> _To do_: Return the listing verbatim, images left out.

> _Available data_:
==*==

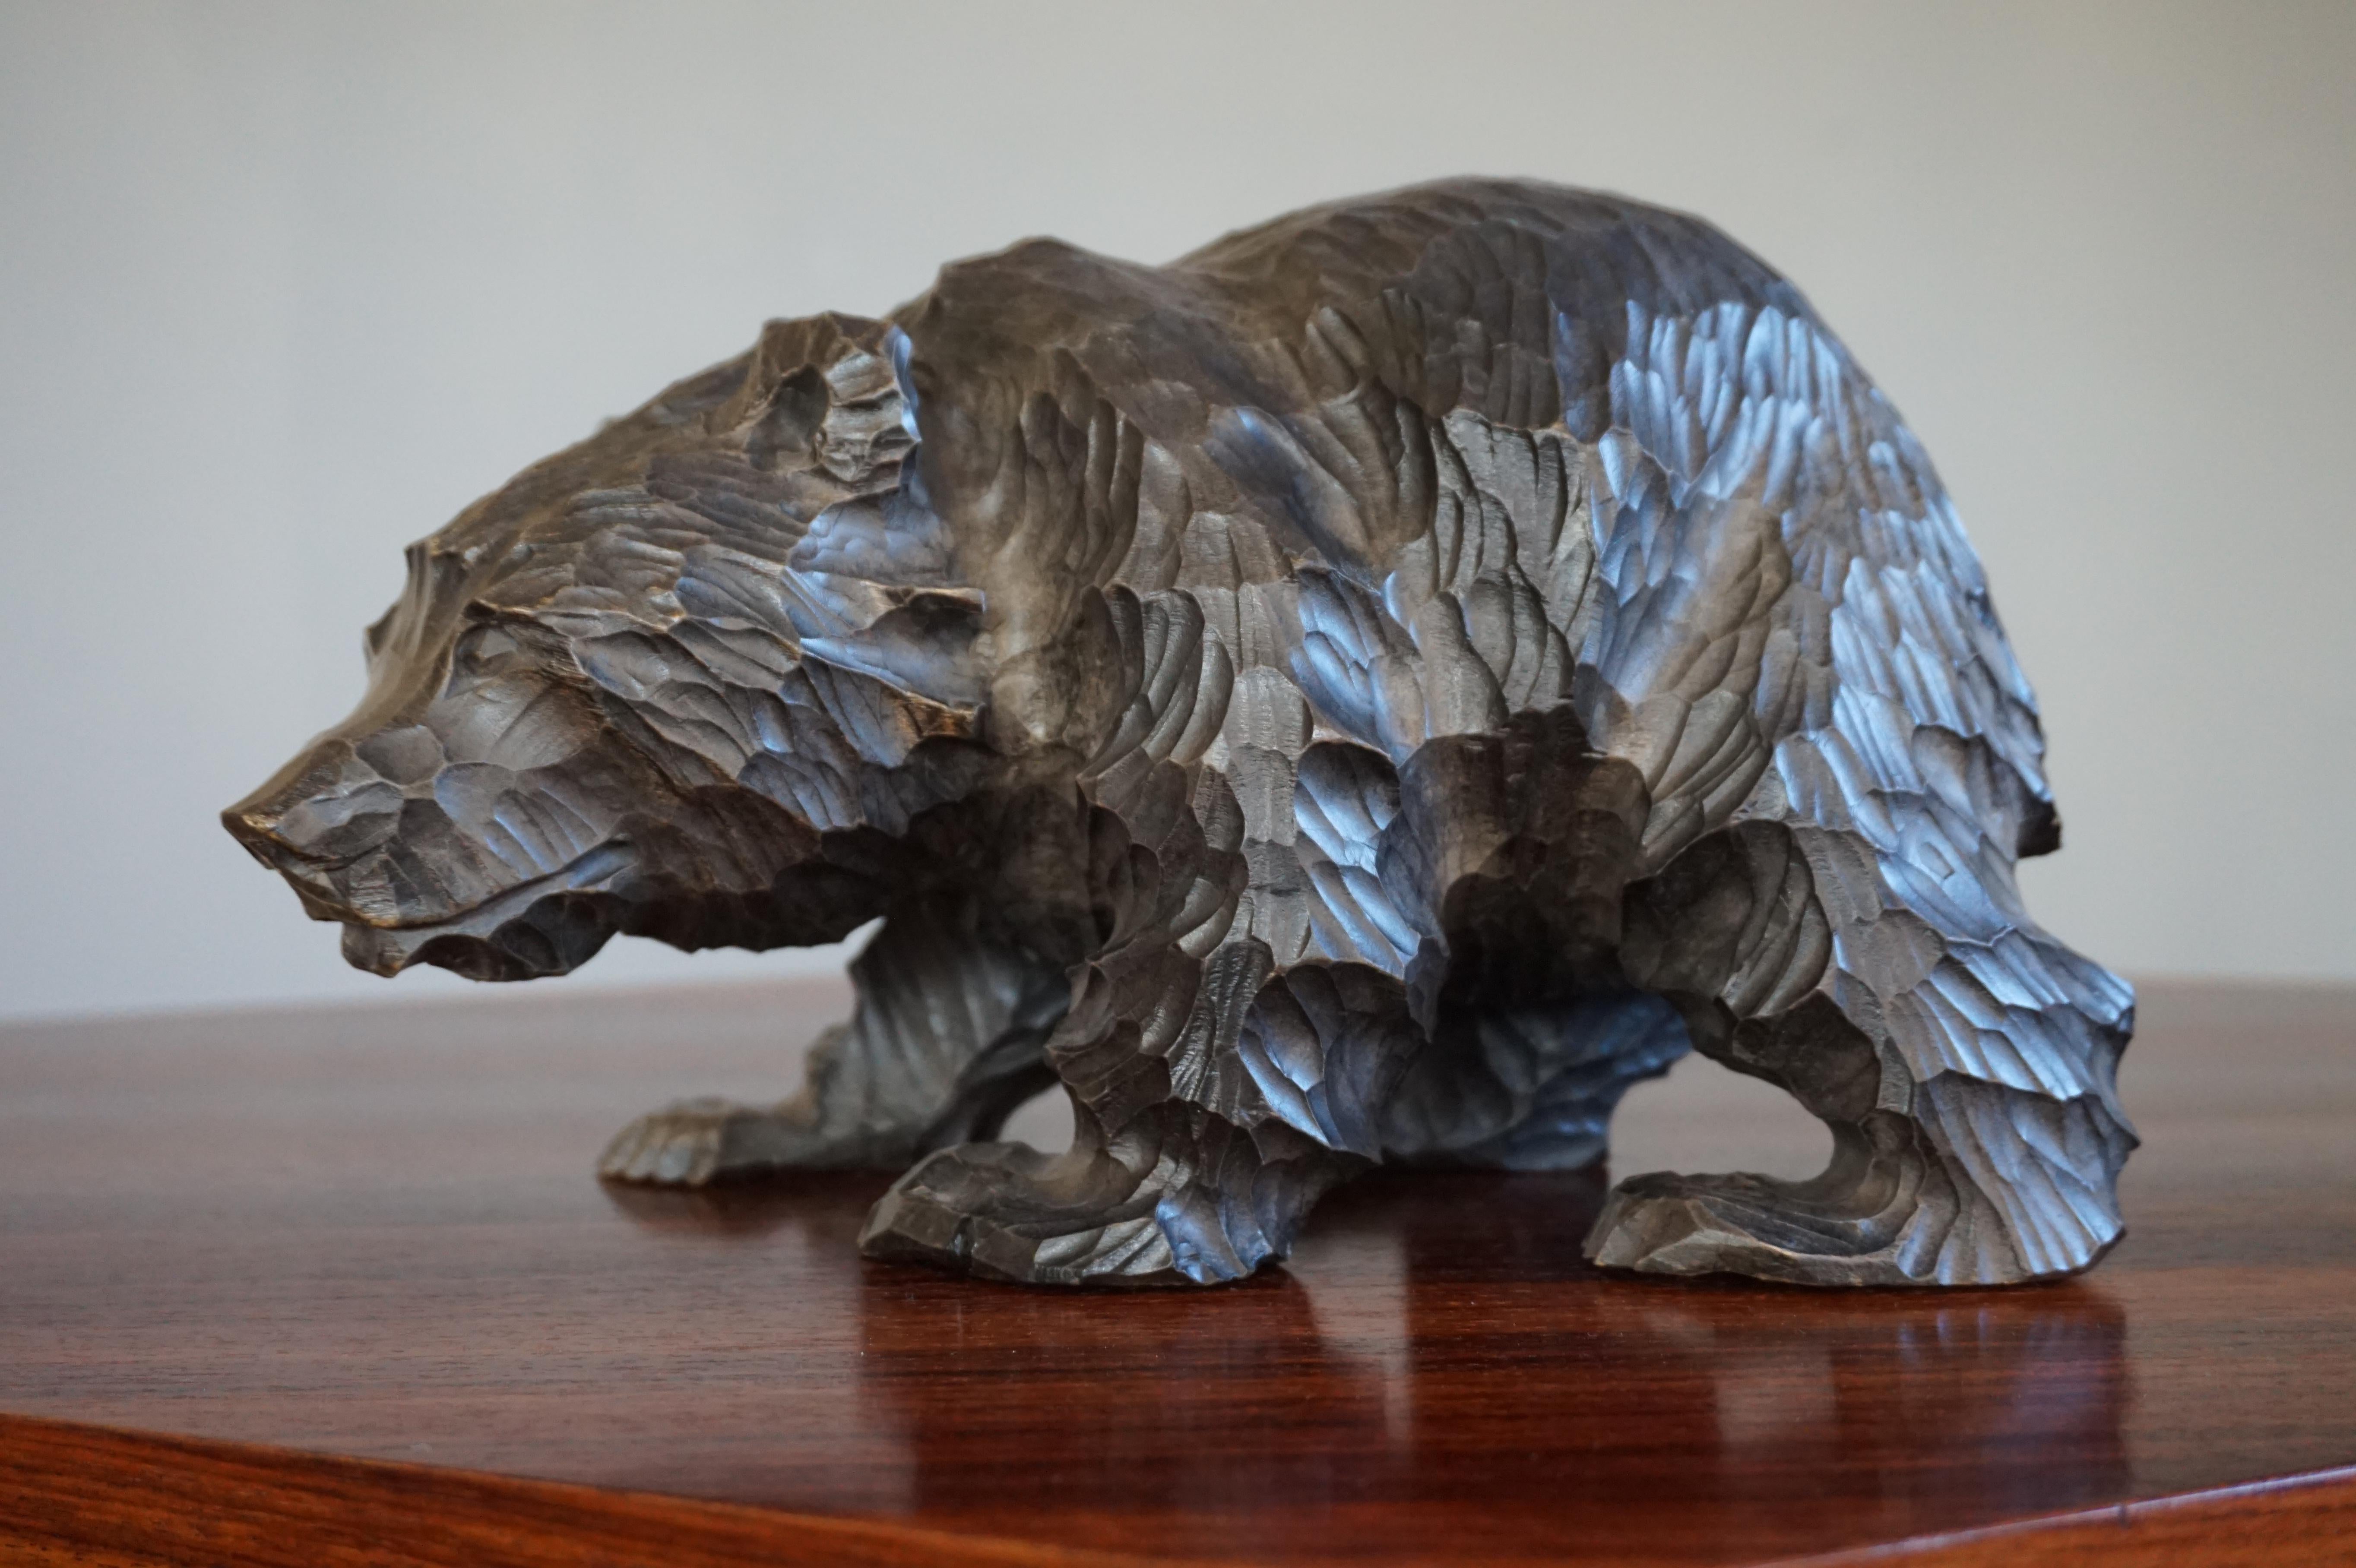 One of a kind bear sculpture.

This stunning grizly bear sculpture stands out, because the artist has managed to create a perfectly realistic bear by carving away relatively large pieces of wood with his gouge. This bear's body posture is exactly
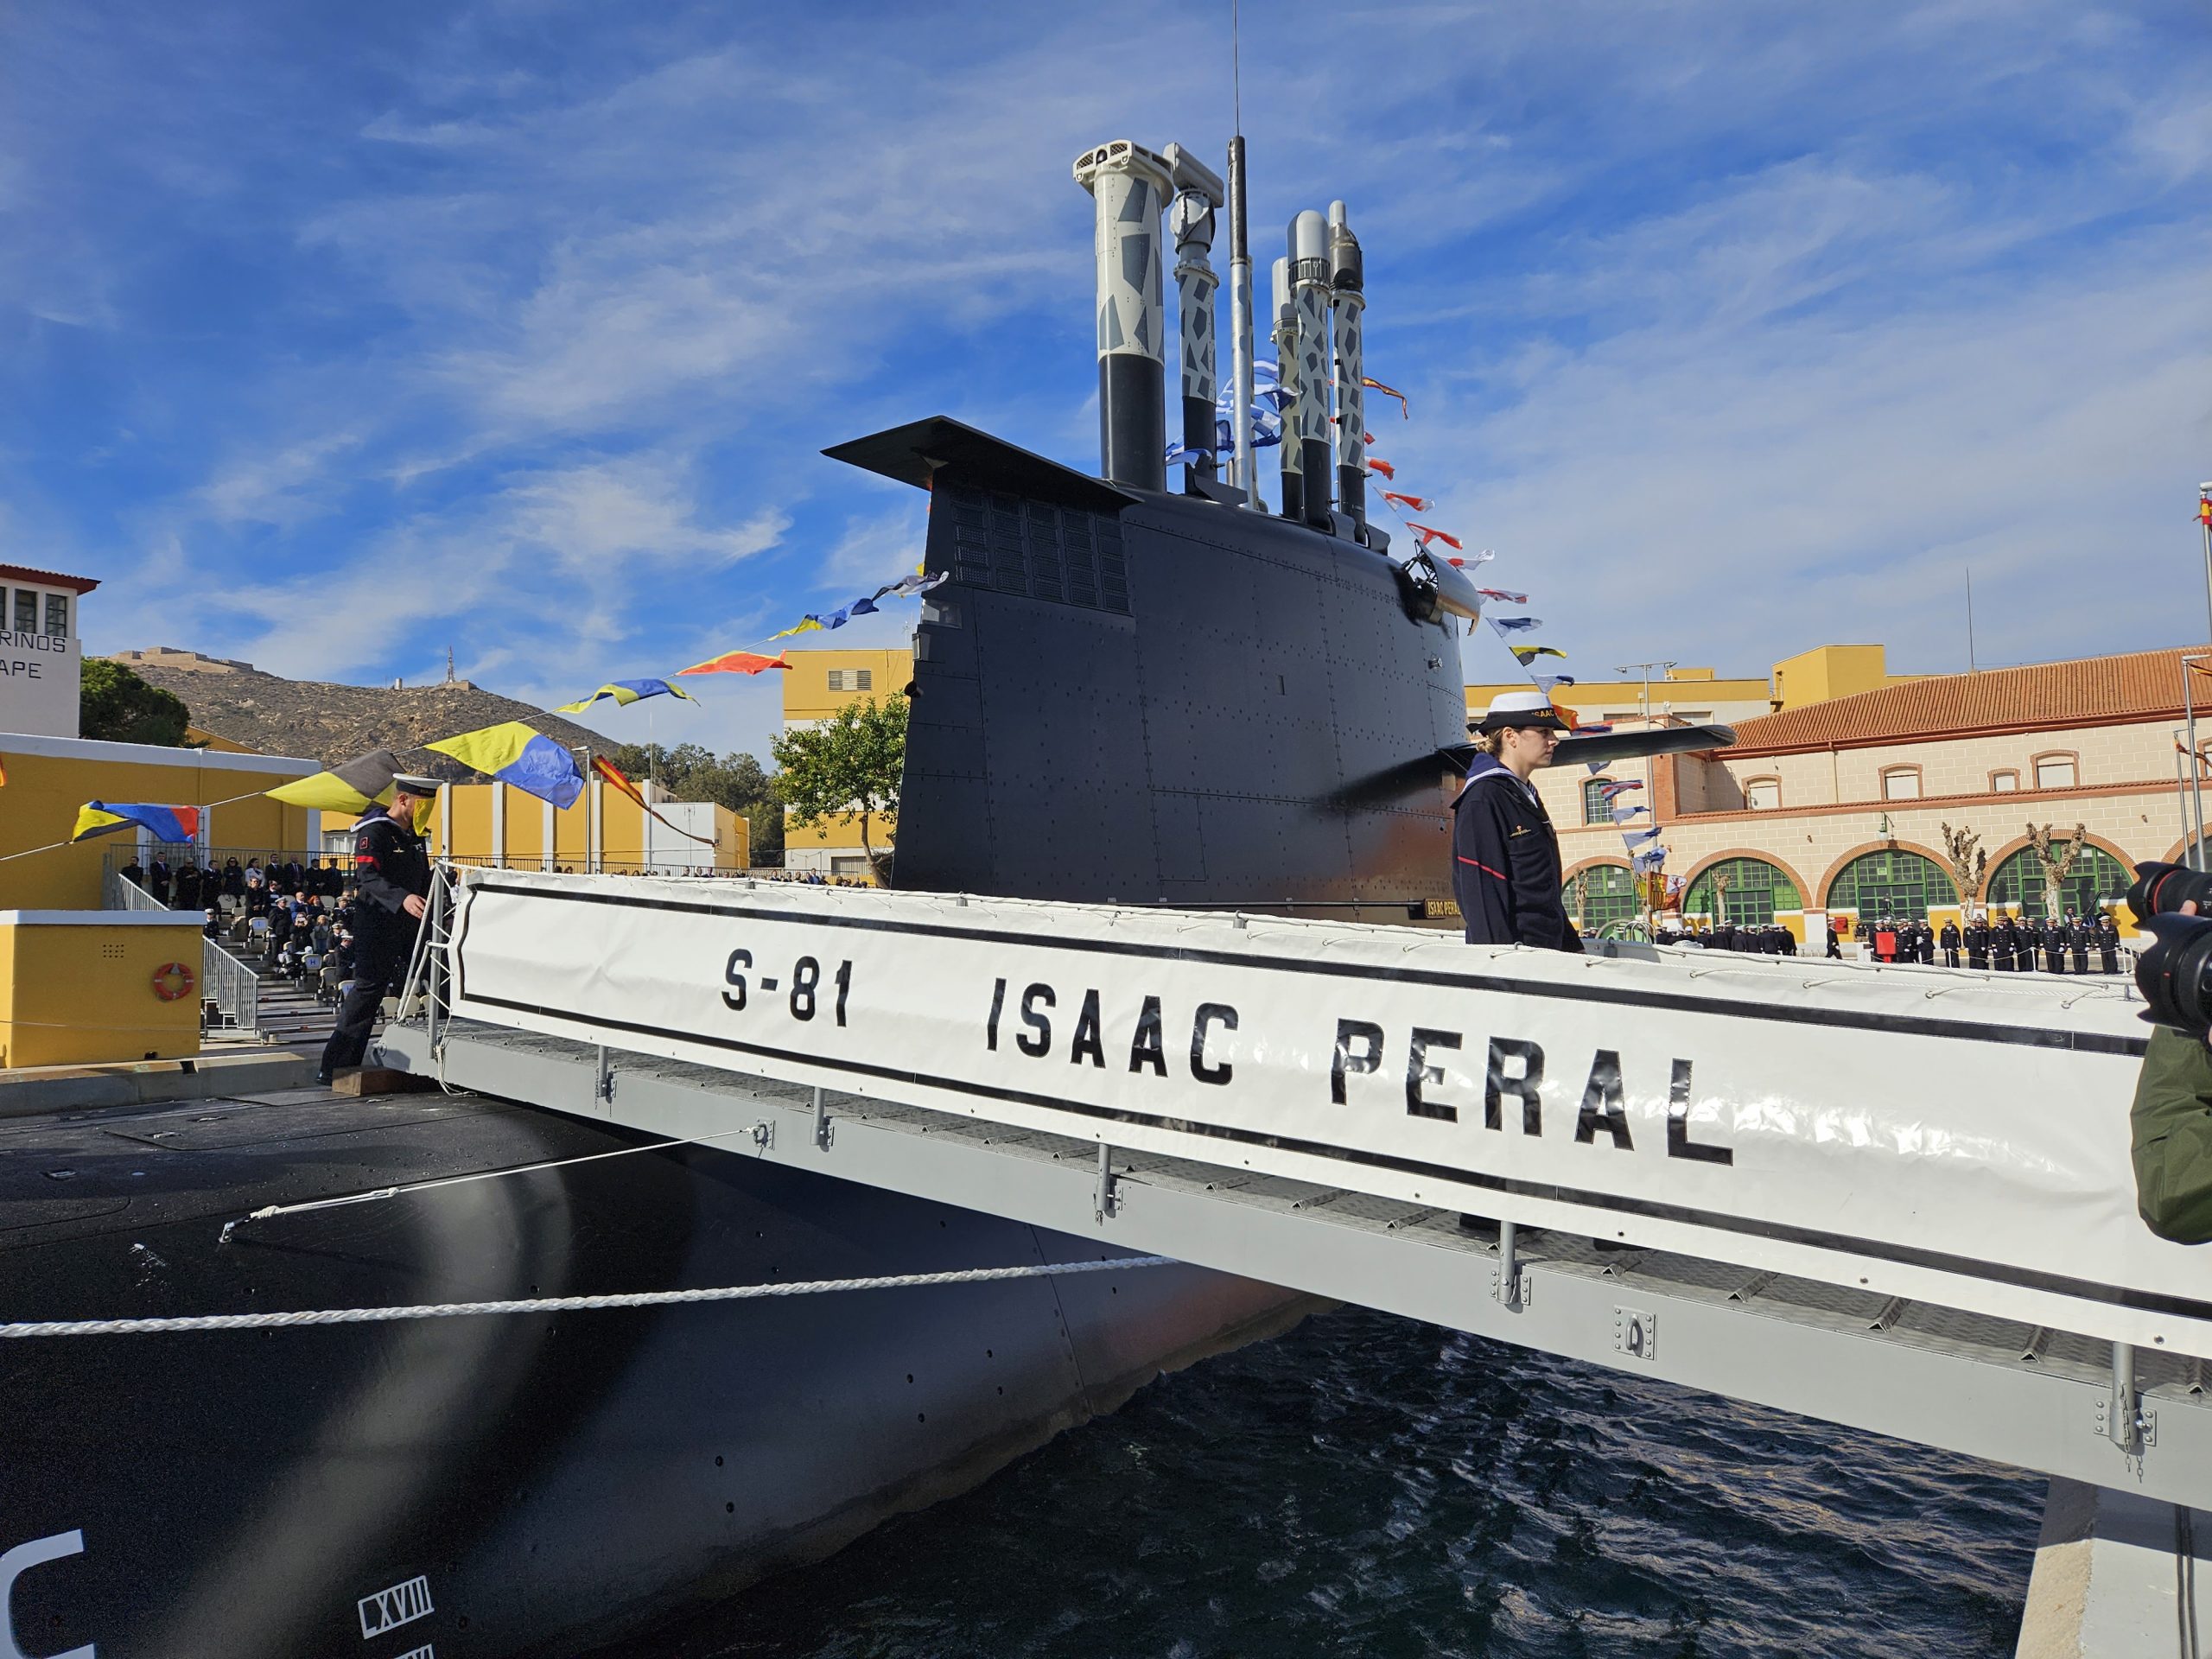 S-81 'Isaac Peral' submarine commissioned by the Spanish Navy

==*==

> _Your solution_:
 One of a kind bear sculpture.

This stunning grizly bear sculpture stands out, because the artist has managed to create a perfectly realistic bear by carving away relatively large pieces of wood with his gouge. This bear's body posture is exactly
 S-81 'Isaac Peral' submarine commissioned by the Spanish Navy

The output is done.